_Records from a dataset:_
• • • • •
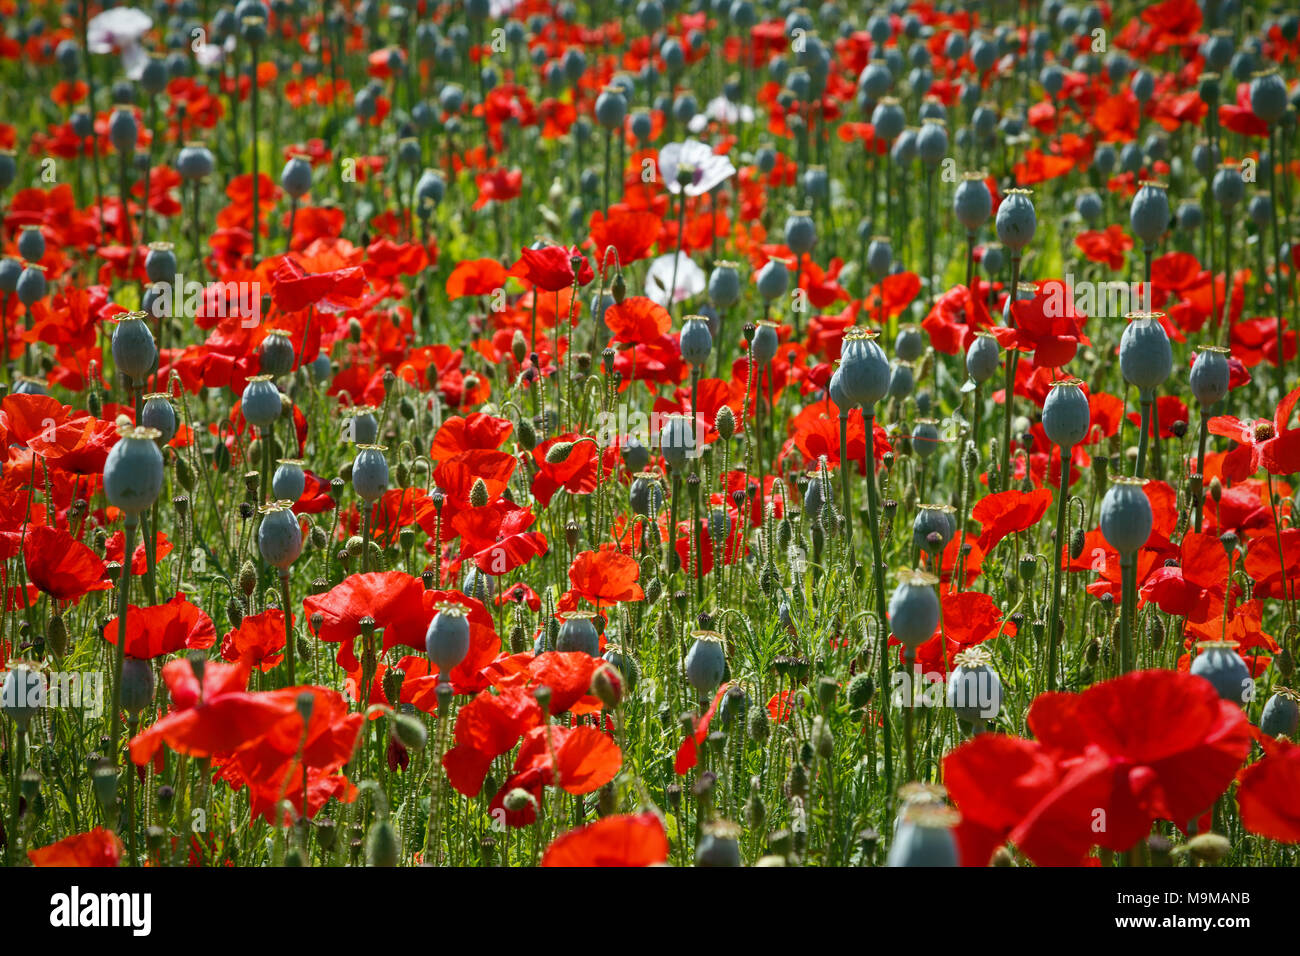 Ein gemischtes Feld der Mohnblumen, die Opiumernte meist verloren hat Es blütenblätter verlassen die großen Samenkapseln reif für die Ernte, während die roten werden in Ful Stockfoto
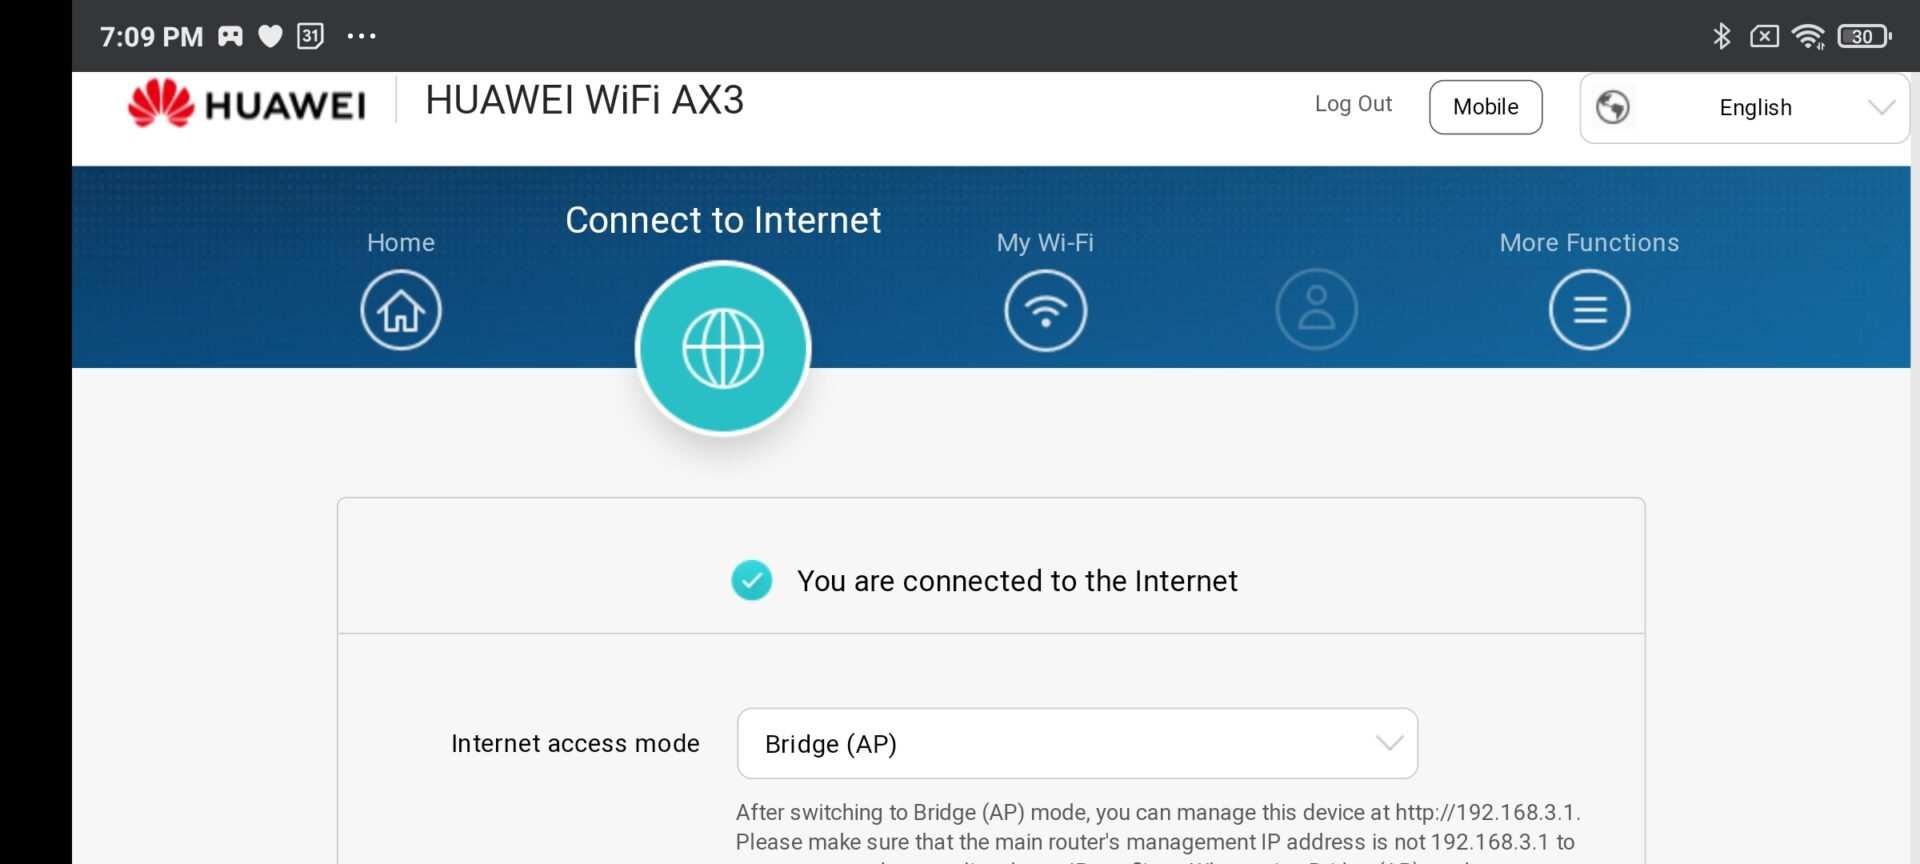 Goondu review: Huawei WiFi AX3
March 22nd, 2021 | by Wilson Wong
Internet
0
Huawei WiFi AX3 Photo: Handout
• • • • •
_Task to complete:_ From the line that contains "March 22nd, 2021 | by Wilson Wong" down to the final line of the entries, print every line exactly as it is, and only those lines.

_Response to this exercise:_
March 22nd, 2021 | by Wilson Wong
Internet
0
Huawei WiFi AX3 Photo: Handout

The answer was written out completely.